The environment variable NBGRADER_VALIDATING can be used to tell if the code is being run in the autograding context.

A notebook shouldn’t do extensive external operations when autograding, such as downloading data. For that matter, it should try to minimize these when running on JupyterHub, too (a course with 1000 students doesn’t need every student to download data separately - that’s a recipe to get us blocked). Request a /coursedata/ directory and you can put any type of data there for students to use.
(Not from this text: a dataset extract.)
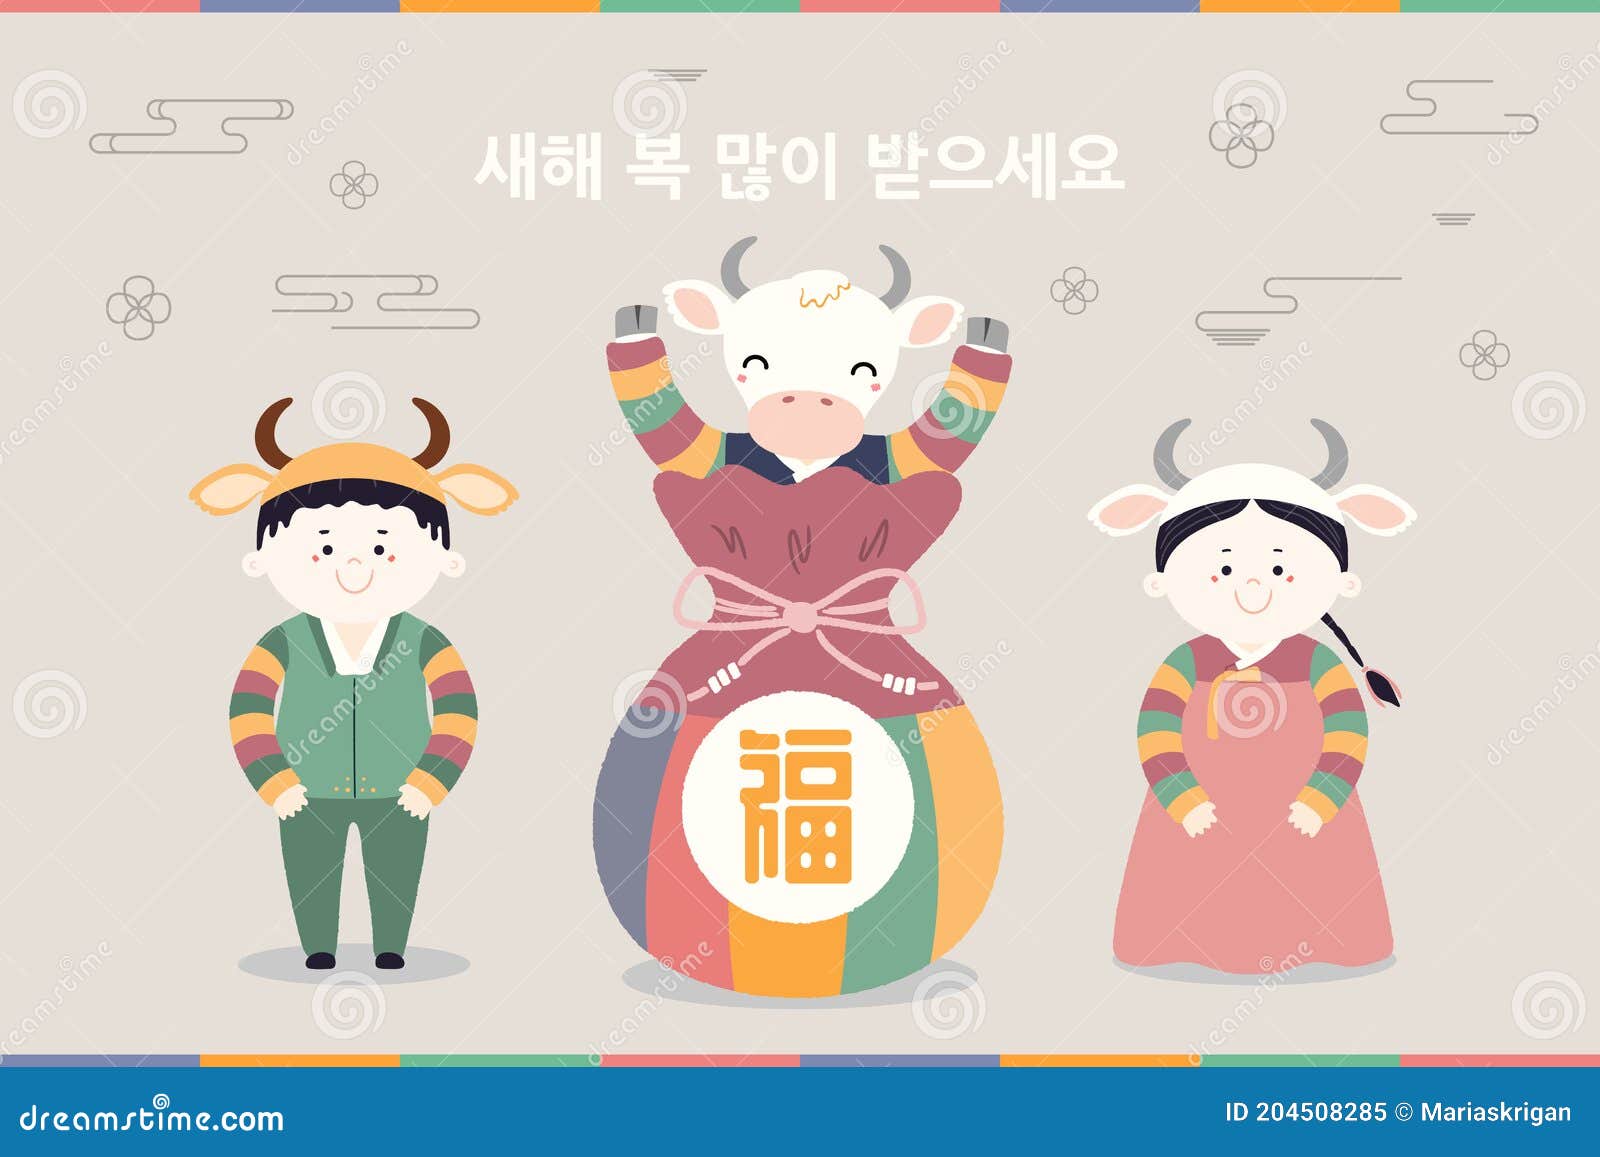 Korean New Year Greetings In English

You can try these kind of conditionals to handle these cases:

# Setup for if on aalto jupyterhub or if we are autograding
if 'AALTO_JUPYTERHUB' in os.environ or 'NBGRADER_VALIDATING' in os.environ:
    data_home = '/coursedata/scikit_learn_data/'
    # Make sure that it doesn't try to write new data here,
    # students won't be able to
else:
   data_home = None        # use default for a personal computer

Warnings to give to students

  • Don’t copy and paste cells within a notebook. This will mess up the tracking metadata and prevent autograding from working.

  • Be cautious about things such as copying the whole notebook to Colab to work on it. This has sometimes resulted in removing all notebook metadata, making autograding impossible.

FAQ

  • This error message:

    [ERROR] One or more notebooks in the assignment use an old version
        of the nbgrader metadata format. Please **back up your class files
        directory** and then update the metadata using:
    
        nbgrader update .
    
    • There are various ways this can happen: perhaps the most common is a student duplicates a cell. There is no solution other than manually fixing the notebook, or grading it yourself. (The error message is confusing and doesn’t make sense, a wide variety of internal problems can cause the same error).